EXERCISE OBJECTIVE
Nothing but an exact copy is asked for: the lines in the material below from the one with "Bluza z napisem CALIFORNIA" through the one with "Avia Women's and", pictures excluded.

EXTRACTED RECORDS
-------

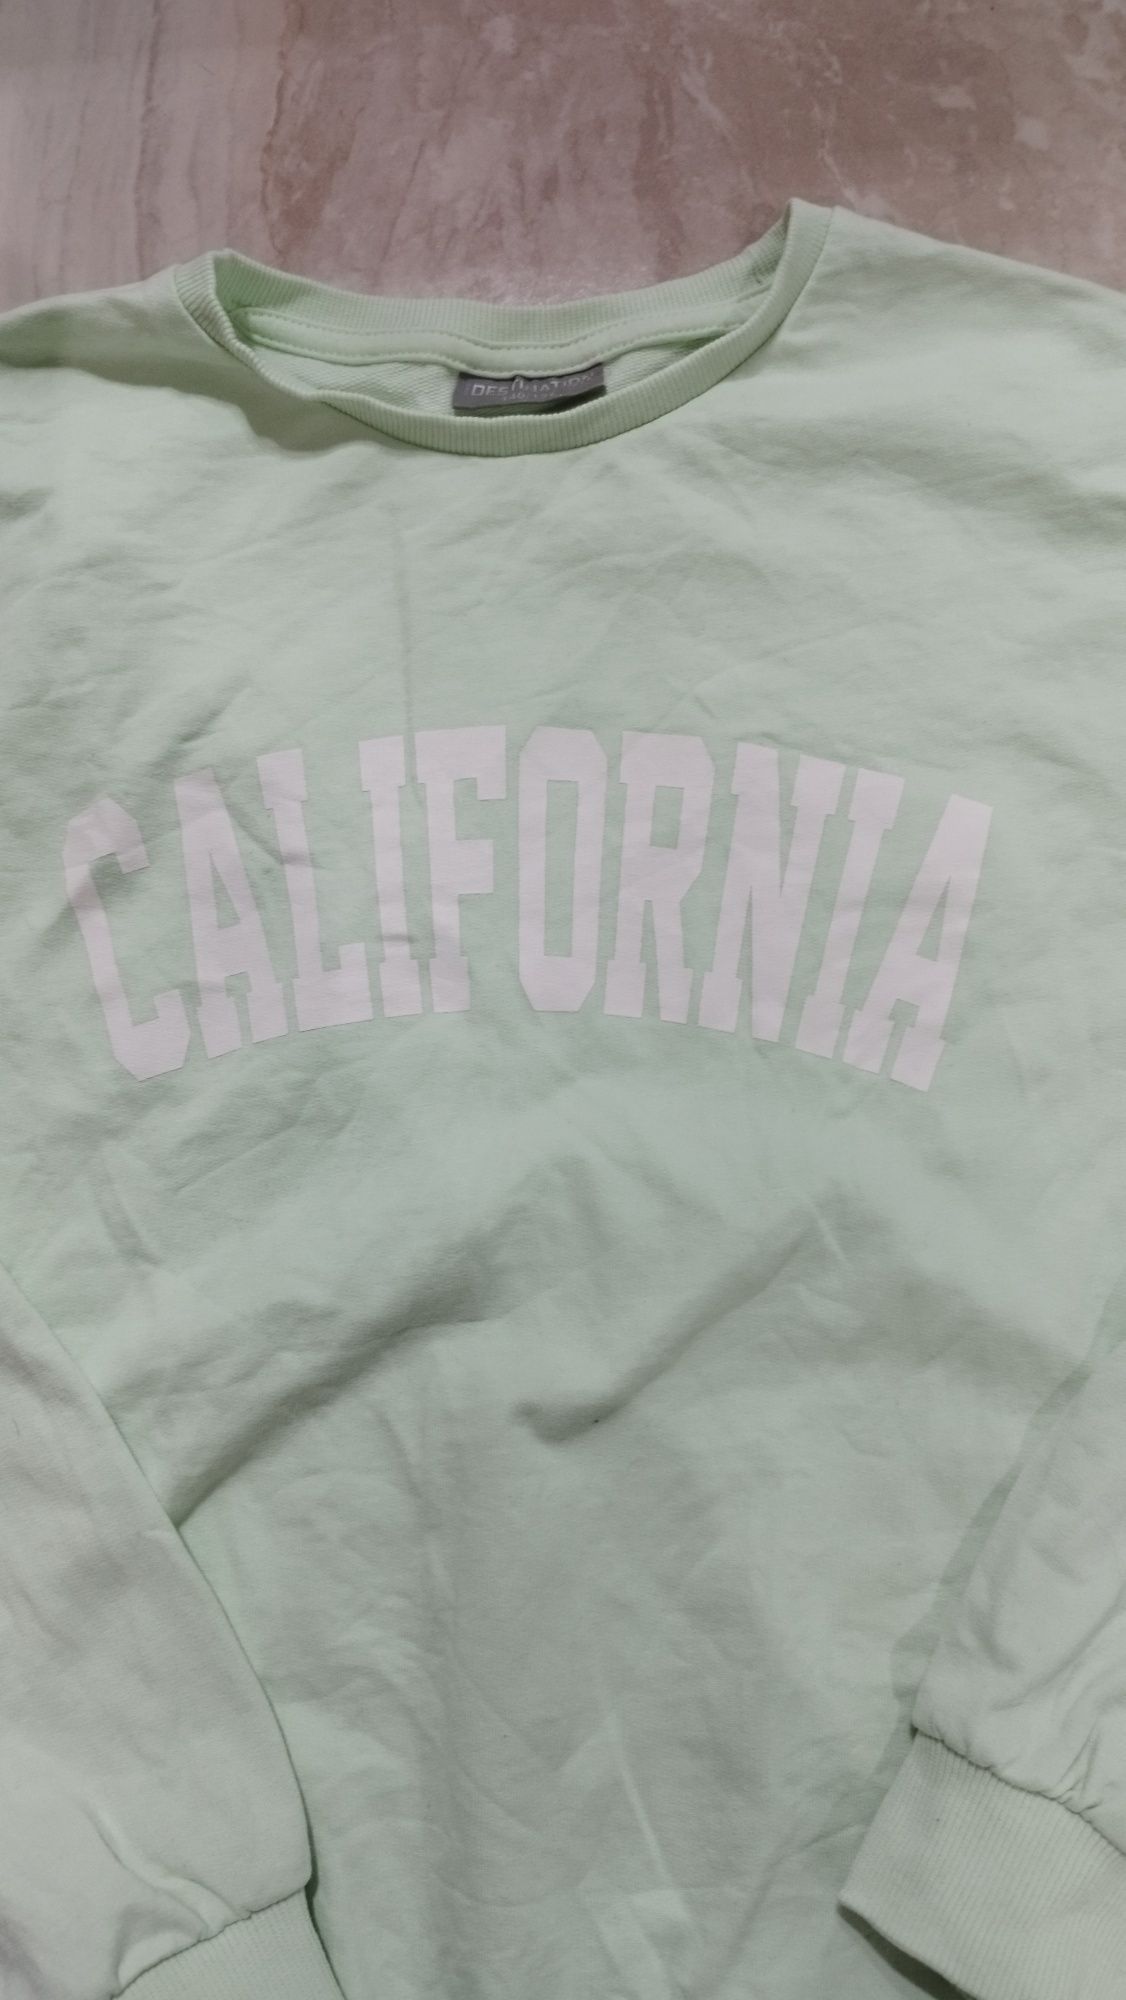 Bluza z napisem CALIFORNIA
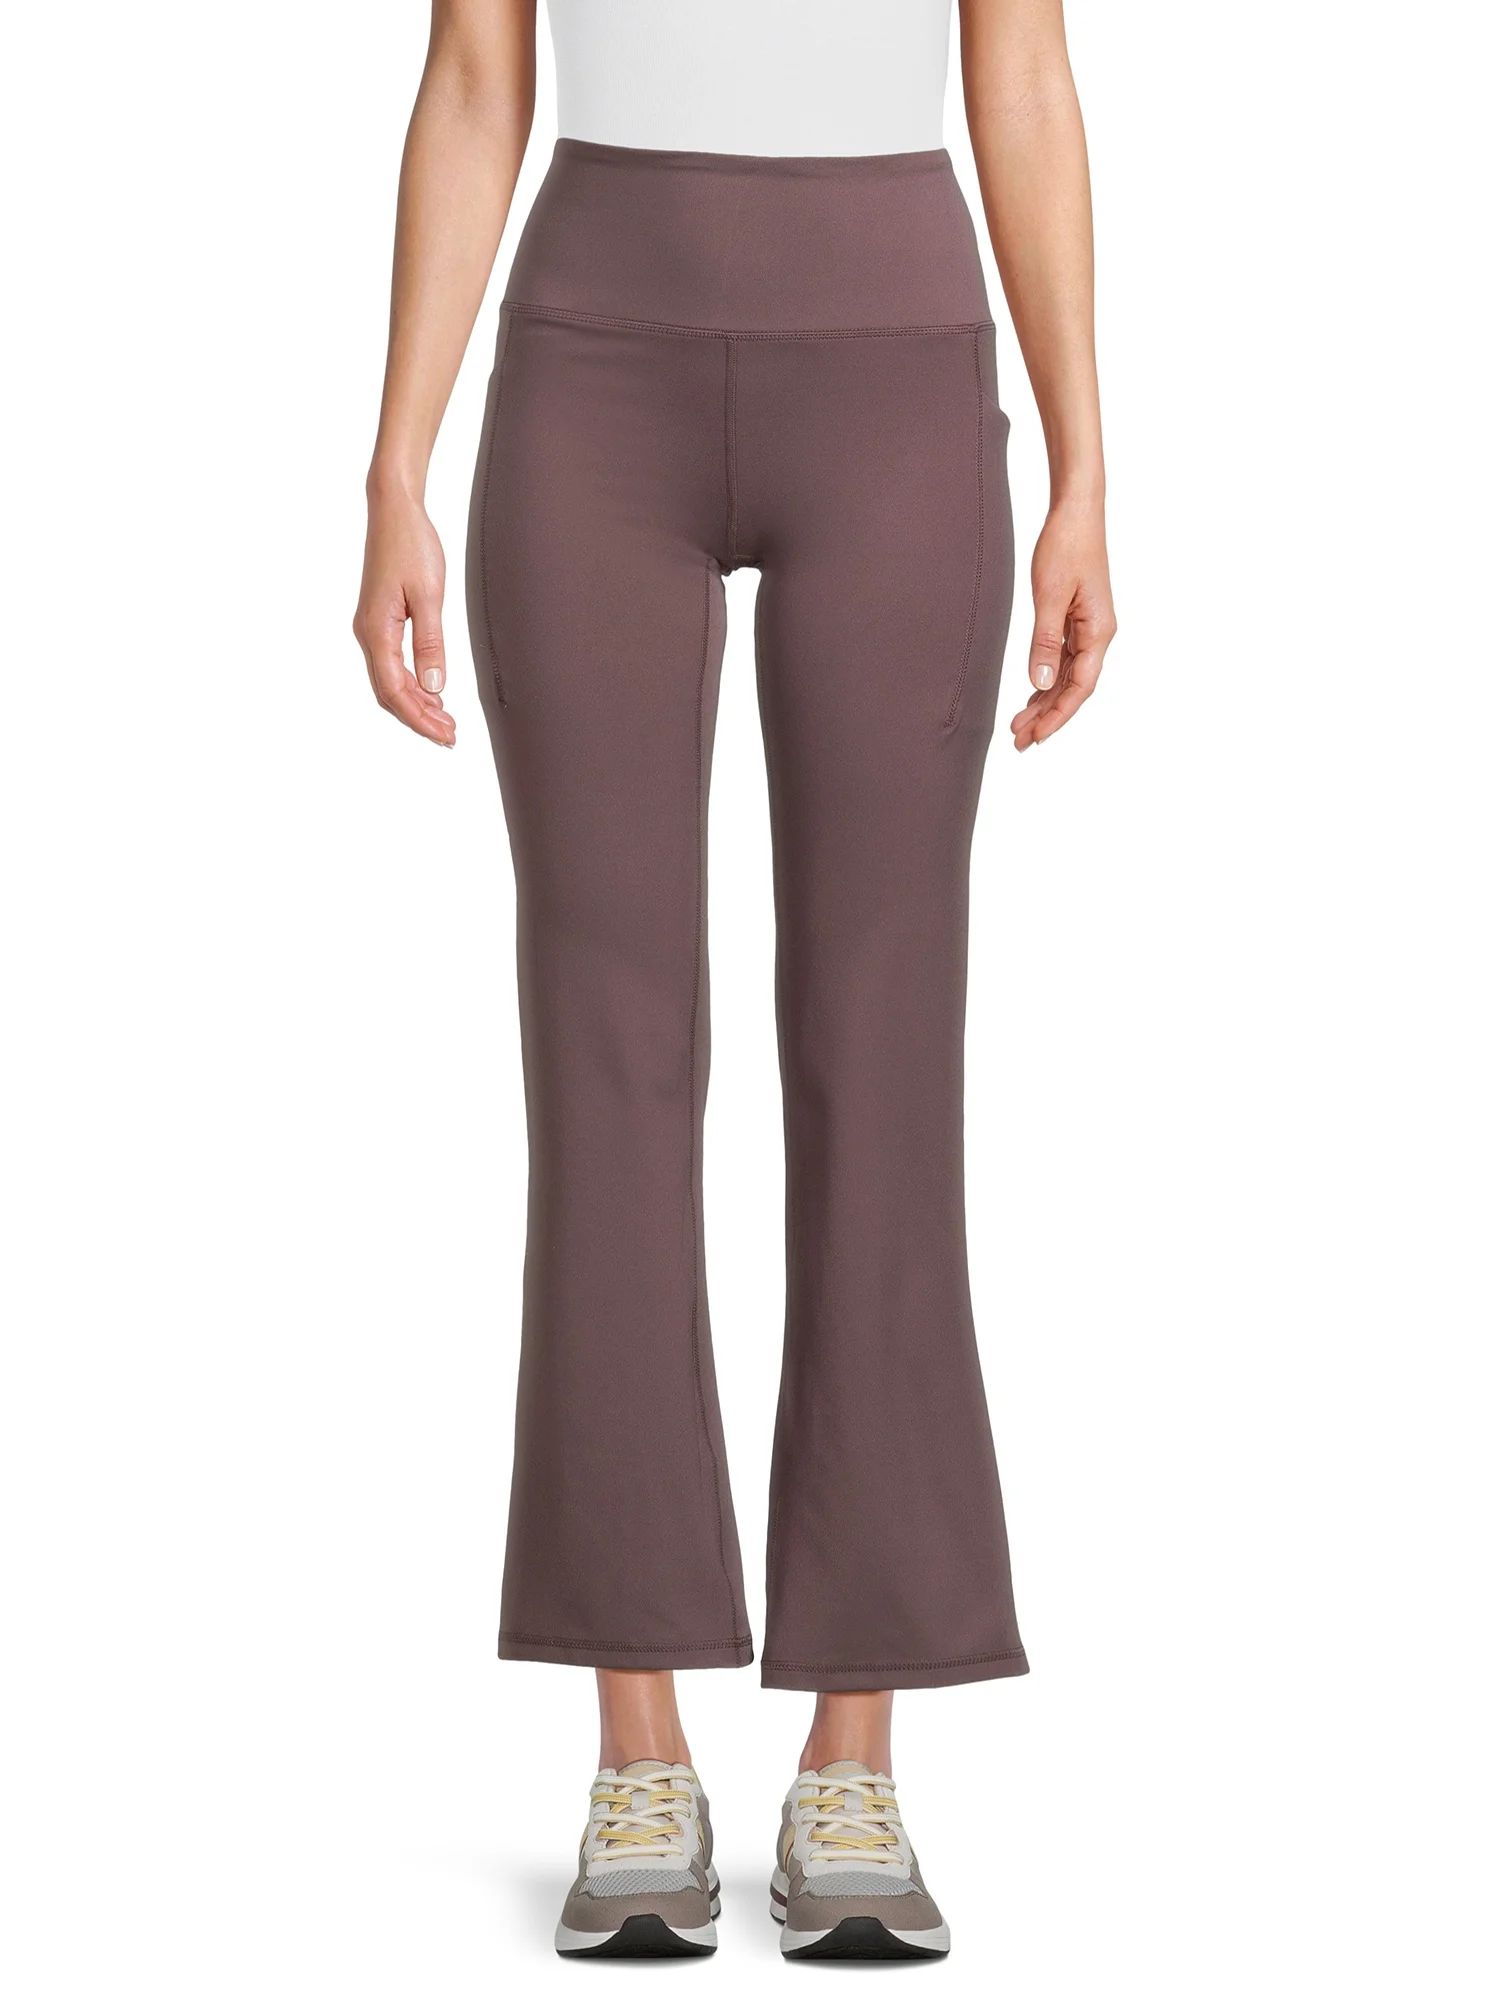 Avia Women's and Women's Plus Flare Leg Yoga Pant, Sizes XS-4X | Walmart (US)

-------

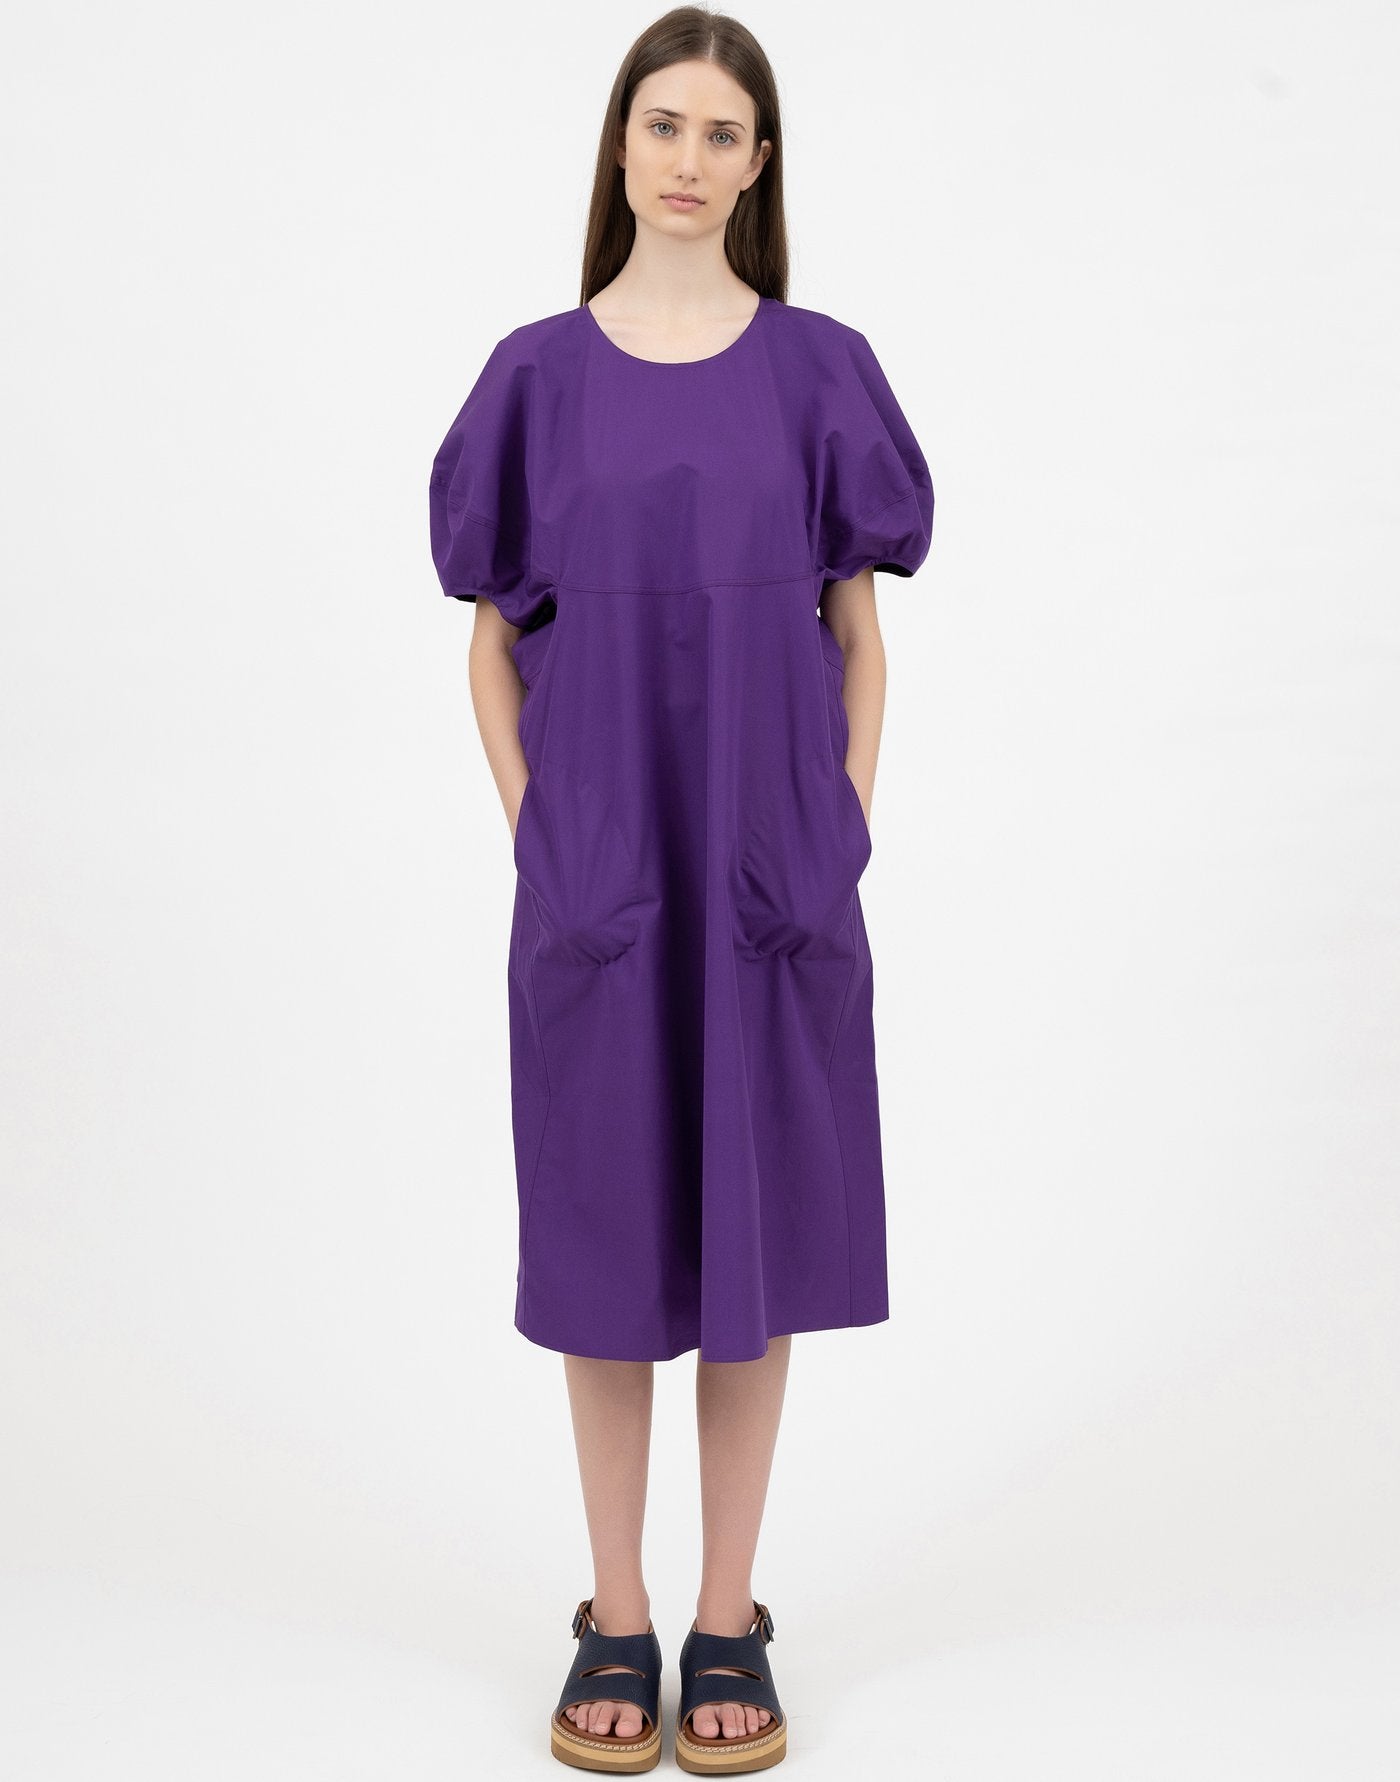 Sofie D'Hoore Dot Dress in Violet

-------

YOUR SOLUTION
 Bluza z napisem CALIFORNIA
 Avia Women's and Women's Plus Flare Leg Yoga Pant, Sizes XS-4X | Walmart (US)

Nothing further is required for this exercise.